Take the initial Canadian response to Trump’s war with Iran. The Carney government quickly issued a statement of support. The likely target was an audience of one — Trump. The calculation here was simple: better to support the war than risk the wrath of a vindictive president.
That calculation quickly proved to be mistaken. The conflict rapidly spiralled out of control, engulfing the broader Middle East, trapping tens of thousands of Canadians in a warzone. Global oil prices spiked and there are concerns over how shortages of fertilizer will affect the global food supply.
American policymakers seem caught off guard by Iran’s closure of the Strait of Hormuz while the president has no clear and consistent strategic objective. Meanwhile, some former Canadian diplomatic luminaries have taken the Carney government to task for its seeming abandonment of international law, while some members of the Liberal caucus broke ranks with the government over the issue.
It is therefore not surprising that the Carney government quickly walked back and qualified its position — multiple times. The lesson here is that there is a danger when policymakers let concerns over possible American retaliation reflexively drive Canadian policy.
The Trump administration’s capacity for retaliation is weakening
If there was a time to most fear retaliation, it was immediately after Trump’s inauguration in January 2025. Buoyed by a fresh election victory, his second administration was flush with political capital, strong public support and majorities in the House and Senate.
Fast forward more than a year and the political landscape looks markedly different. Trump is a deeply unpopular president whose approval rating is underwater — 36 per cent approve, 57 per cent disapprove.

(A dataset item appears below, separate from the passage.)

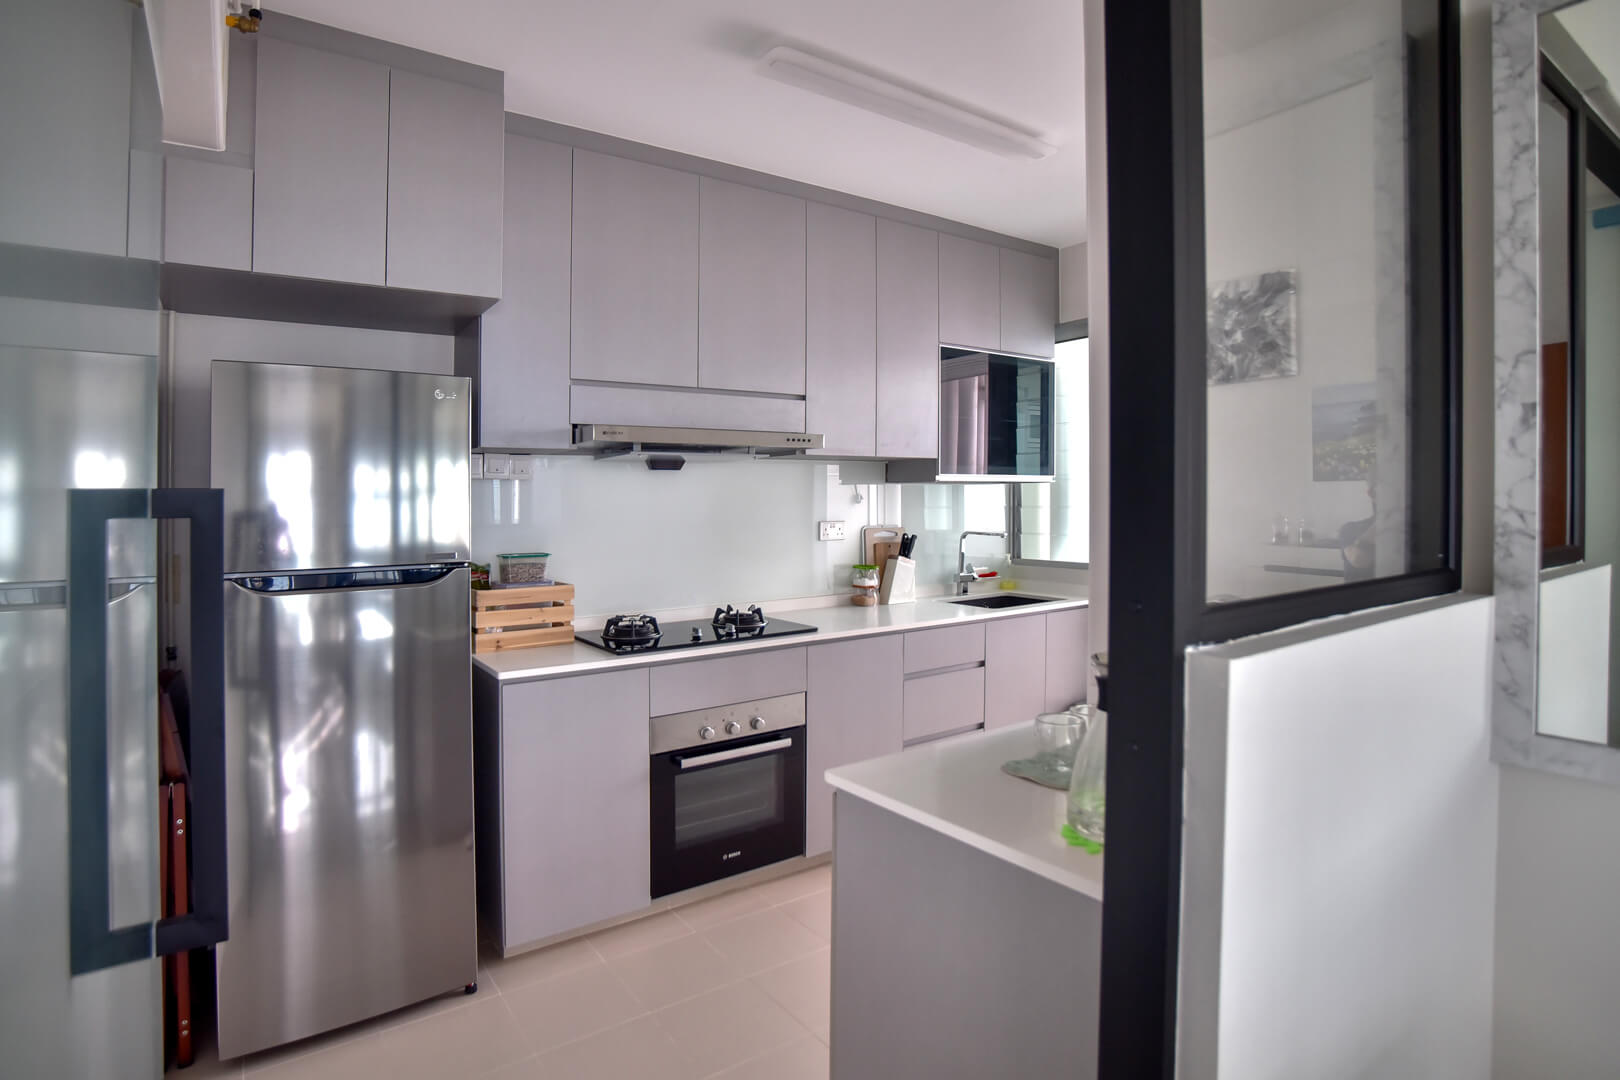 white-monochrome-interior-design-kitchen-side

It is dogged by scandals — the latest resulting in the firing of former Homeland Security secretary Kristi Noem and former attorney-general Pam Bondi. ICE’s behaviour as a paramilitary force arresting and killing American citizens has deeply alienated the public. Now, Trump has started a bitterly unpopular war despite running as the “peace president.”
Any act of retaliation against Canada requires political capital, and Trump’s stock is rapidly diminishing. A key inflection point will be the midterm elections, where the Democrats increasingly look like they will retake the House and possibly the Senate. A newly elected Democratic Congress could sharply curtail the administration’s ability to impose tariffs or take other retaliatory actions.

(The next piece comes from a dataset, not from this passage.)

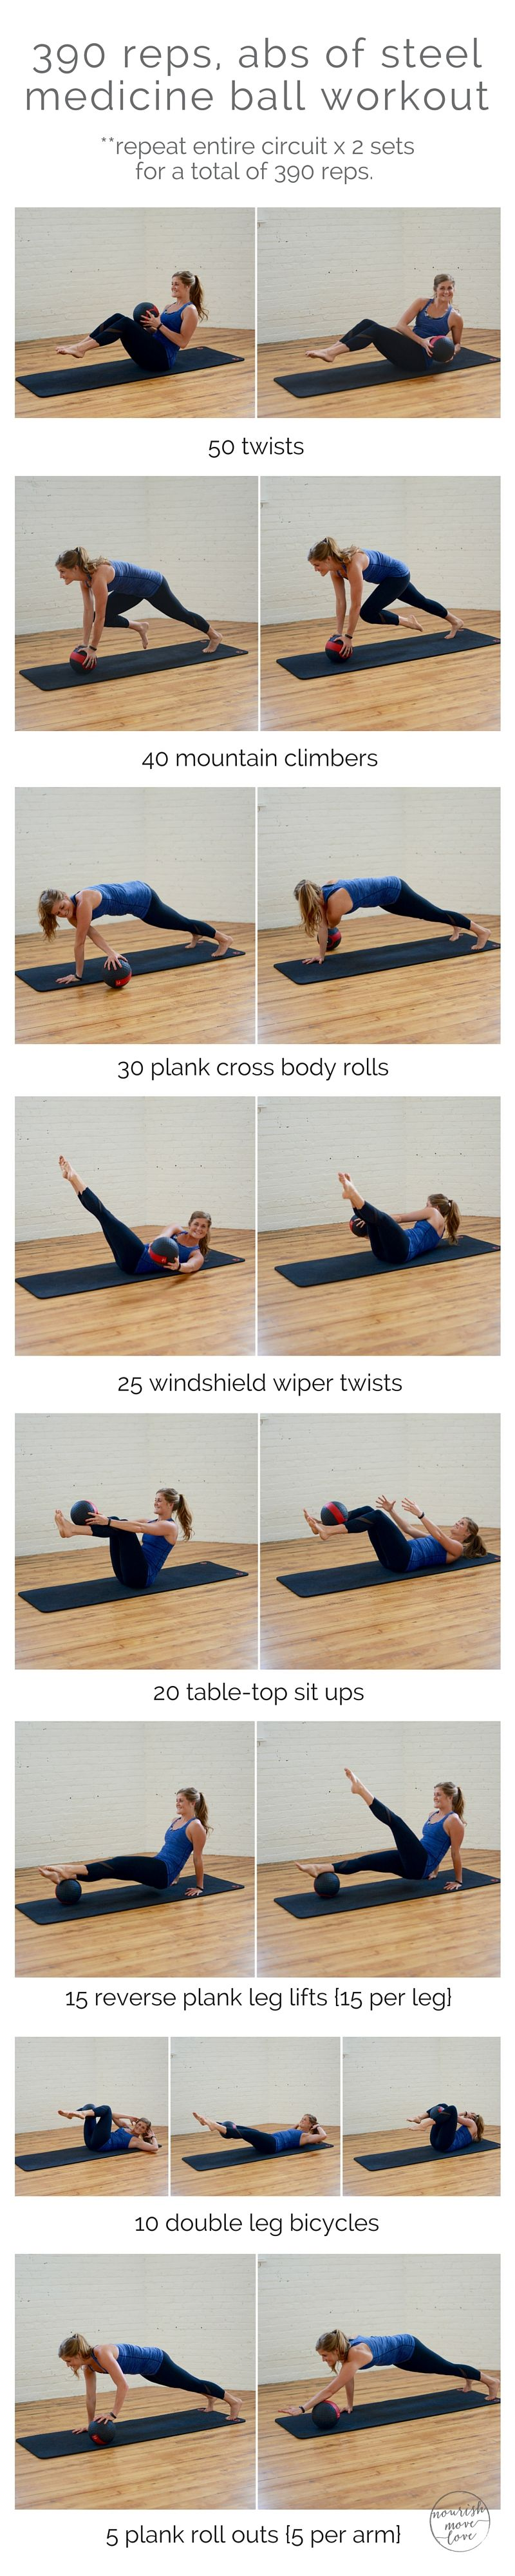 medicine ball workout routine pdf

The Trump administration will certainly have other ways to hurt Canada. But its attention will be increasingly focused on fending off roiling scandals, international crises and a bruising midterm cycle.
There are steps that Ottawa can take in this situation.
Three guideposts for managing retaliation
First, the danger of retaliation is not a constant. When an issue touches on America’s core national interests, commands widespread public and elite support, and the administration has signalled its importance, Canadian policymakers need to exercise extreme caution. But when an issue forces the Trump administration into a costly and unpopular position, the danger of retaliation is far less.
Second, some policies are worth the risk. The Carney government’s deal to allow Chinese EVs into Canada was high risk because it expanded trade with China and challenged the North American auto industry — two areas of concern for Trump. But this policy was arguably worthwhile because it demonstrated to the U.S. administration that there are costs to its tariff policy and that Canada has the ability to diversify trade.
Finally, policymakers need to act when the Trump administration is weak and distracted. If Canada is pursuing a policy with a high risk of retaliation, it needs to be announced at a time when the president is fighting off a fresh scandal or scrambling to manage a major crisis.